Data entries
_ _ _ _

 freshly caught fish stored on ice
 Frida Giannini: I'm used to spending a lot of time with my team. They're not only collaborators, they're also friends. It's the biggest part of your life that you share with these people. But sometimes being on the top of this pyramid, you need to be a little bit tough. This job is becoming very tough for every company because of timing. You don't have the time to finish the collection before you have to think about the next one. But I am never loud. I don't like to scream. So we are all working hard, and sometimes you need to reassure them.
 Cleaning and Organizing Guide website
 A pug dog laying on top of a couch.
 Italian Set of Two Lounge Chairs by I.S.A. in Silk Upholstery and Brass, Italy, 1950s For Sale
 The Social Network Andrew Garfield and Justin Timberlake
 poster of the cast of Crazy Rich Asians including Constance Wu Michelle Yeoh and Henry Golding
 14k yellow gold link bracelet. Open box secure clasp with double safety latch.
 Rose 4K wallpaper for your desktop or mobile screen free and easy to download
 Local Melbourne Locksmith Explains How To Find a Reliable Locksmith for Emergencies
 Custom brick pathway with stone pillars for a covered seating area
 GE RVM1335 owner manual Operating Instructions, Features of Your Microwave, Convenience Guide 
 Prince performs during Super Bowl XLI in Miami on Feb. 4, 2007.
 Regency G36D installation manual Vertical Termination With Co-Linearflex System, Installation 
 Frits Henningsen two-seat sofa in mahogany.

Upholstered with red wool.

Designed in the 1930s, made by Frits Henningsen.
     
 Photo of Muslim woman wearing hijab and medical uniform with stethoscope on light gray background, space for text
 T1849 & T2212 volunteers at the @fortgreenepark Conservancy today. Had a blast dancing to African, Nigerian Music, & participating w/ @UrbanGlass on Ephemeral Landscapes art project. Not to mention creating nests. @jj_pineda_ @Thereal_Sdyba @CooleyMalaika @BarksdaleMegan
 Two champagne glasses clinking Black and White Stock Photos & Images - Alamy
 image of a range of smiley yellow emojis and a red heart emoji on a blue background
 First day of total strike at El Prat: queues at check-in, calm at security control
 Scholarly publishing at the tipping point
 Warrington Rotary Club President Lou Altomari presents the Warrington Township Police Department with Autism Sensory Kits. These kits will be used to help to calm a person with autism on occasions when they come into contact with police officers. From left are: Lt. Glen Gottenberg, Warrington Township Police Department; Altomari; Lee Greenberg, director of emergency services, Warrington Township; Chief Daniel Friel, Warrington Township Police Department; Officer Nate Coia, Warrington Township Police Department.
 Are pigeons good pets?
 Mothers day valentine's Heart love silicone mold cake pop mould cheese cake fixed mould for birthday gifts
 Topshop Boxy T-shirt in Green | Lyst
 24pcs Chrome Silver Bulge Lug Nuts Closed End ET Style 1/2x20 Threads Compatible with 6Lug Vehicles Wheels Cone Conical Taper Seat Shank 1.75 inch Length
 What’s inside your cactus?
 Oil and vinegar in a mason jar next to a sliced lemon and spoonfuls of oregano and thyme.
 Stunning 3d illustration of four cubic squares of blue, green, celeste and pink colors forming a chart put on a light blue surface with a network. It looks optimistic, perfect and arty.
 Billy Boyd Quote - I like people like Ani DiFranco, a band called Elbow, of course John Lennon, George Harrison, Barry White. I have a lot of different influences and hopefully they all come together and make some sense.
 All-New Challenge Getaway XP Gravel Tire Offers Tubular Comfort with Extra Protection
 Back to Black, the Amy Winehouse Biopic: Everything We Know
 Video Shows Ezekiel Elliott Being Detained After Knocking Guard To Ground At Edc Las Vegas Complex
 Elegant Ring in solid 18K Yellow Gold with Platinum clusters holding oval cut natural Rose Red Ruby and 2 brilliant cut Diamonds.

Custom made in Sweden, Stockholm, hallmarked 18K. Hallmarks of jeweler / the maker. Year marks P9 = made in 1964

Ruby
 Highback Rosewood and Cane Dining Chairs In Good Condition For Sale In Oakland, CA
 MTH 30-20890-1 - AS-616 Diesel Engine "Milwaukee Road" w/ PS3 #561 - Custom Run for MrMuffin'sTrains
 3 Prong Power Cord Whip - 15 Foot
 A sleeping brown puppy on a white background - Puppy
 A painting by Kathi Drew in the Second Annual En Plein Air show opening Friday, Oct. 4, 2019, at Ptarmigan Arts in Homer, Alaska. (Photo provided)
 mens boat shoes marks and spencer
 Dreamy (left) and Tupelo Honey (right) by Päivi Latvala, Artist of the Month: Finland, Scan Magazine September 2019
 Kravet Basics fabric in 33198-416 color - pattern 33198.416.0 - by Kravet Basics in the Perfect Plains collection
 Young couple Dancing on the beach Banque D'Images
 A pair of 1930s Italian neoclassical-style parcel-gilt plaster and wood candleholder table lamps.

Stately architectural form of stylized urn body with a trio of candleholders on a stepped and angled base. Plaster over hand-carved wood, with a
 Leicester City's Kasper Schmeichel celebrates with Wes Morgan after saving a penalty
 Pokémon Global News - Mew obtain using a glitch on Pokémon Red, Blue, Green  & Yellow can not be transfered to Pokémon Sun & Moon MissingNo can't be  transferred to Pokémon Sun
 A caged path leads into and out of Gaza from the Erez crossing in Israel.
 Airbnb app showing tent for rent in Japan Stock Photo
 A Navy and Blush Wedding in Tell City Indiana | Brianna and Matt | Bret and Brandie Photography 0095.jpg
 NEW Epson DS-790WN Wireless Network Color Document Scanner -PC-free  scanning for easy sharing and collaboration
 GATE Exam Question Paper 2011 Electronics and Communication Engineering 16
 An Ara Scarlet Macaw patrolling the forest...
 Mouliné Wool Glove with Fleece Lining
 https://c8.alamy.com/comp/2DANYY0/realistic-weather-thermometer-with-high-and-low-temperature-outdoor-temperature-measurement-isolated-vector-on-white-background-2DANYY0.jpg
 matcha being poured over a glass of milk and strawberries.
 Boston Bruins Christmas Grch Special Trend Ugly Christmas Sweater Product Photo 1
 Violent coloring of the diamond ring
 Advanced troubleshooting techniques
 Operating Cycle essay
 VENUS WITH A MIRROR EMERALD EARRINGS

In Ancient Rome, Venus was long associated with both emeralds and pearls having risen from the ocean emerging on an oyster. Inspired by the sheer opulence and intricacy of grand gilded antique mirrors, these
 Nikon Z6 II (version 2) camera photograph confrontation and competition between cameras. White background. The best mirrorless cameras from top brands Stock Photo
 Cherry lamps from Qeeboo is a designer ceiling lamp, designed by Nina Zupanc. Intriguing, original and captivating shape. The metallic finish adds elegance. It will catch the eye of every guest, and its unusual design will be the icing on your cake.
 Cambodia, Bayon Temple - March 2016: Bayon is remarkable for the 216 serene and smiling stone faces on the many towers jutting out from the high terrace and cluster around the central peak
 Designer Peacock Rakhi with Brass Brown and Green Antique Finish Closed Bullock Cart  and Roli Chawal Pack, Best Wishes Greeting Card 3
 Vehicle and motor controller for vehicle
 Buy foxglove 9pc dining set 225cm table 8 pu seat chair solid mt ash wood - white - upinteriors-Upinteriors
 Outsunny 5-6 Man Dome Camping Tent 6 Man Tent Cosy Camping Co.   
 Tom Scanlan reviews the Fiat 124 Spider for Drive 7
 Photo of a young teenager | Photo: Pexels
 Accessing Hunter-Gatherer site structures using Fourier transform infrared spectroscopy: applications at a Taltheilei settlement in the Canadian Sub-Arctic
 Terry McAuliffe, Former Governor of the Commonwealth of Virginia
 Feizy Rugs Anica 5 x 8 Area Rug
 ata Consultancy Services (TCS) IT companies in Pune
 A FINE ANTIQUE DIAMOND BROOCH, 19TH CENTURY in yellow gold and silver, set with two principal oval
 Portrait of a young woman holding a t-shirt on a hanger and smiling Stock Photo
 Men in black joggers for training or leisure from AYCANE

_ _ _ _

# [Problem to solve]
Line count for the word "Images": give the number of lines in the entries above that contain it, and nothing more.

# [Your solution]
2